Worker node does not recover from heartbeat failure
Affects | Status | Importance | Assigned to | Milestone | |
---|---|---|---|---|---|
StarlingX |
Fix Released
|
Medium
|
Eric MacDonald |
Bug Description
Brief Description
-----------------
While testing patch orchestration a heartbeat loss was reported for a worker node. That node did not recover from the heartbeat loss and needed to be manually locked and unlocked.
Severity
--------
Major
Steps to Reproduce
------------------
Issue was seeing during patch orchestration. May need to induce heartbeat loss to reproduce.
Expected Behavior
------------------
After heartbeat loss, the host should recover without manual intervention.
Actual Behavior
----------------
A lock/unlock was required to recover the host.
Reproducibility
---------------
Has consistently occurred in this lab with different worker nodes. But not 100% of the time.
System Configuration
-------
2 + 20 system.
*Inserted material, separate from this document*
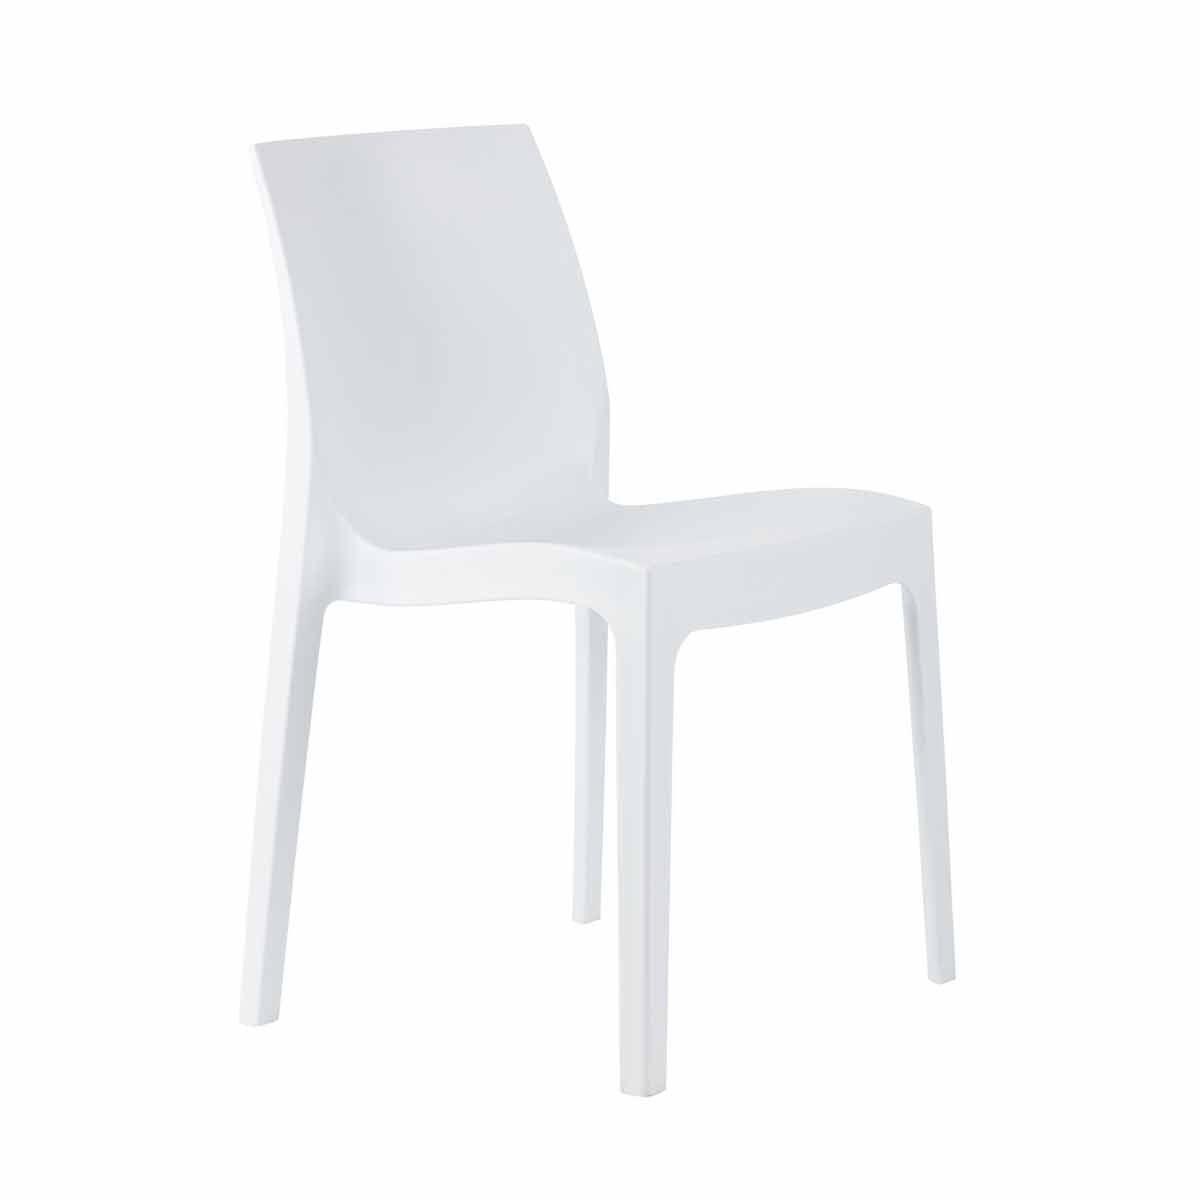 Tabilo Strata Polypropylene Stacking Chair White

IPv6
Branch/Pull Time/Commit
-------
Build from 2019-09-26_20-00-00
Last Pass
---------
Appears patch orchestration was tested last with build 2019-05-27_09-53-12
Timestamp/Logs
--------------
Hosts unlocked
2019-10-
Compute-4 is coming up
2019-10-
Heartbeat loss
2019-10-
2019-10-
Manual lock/unlock
2019-10-10 05:16:45.752 113985 INFO sysinv.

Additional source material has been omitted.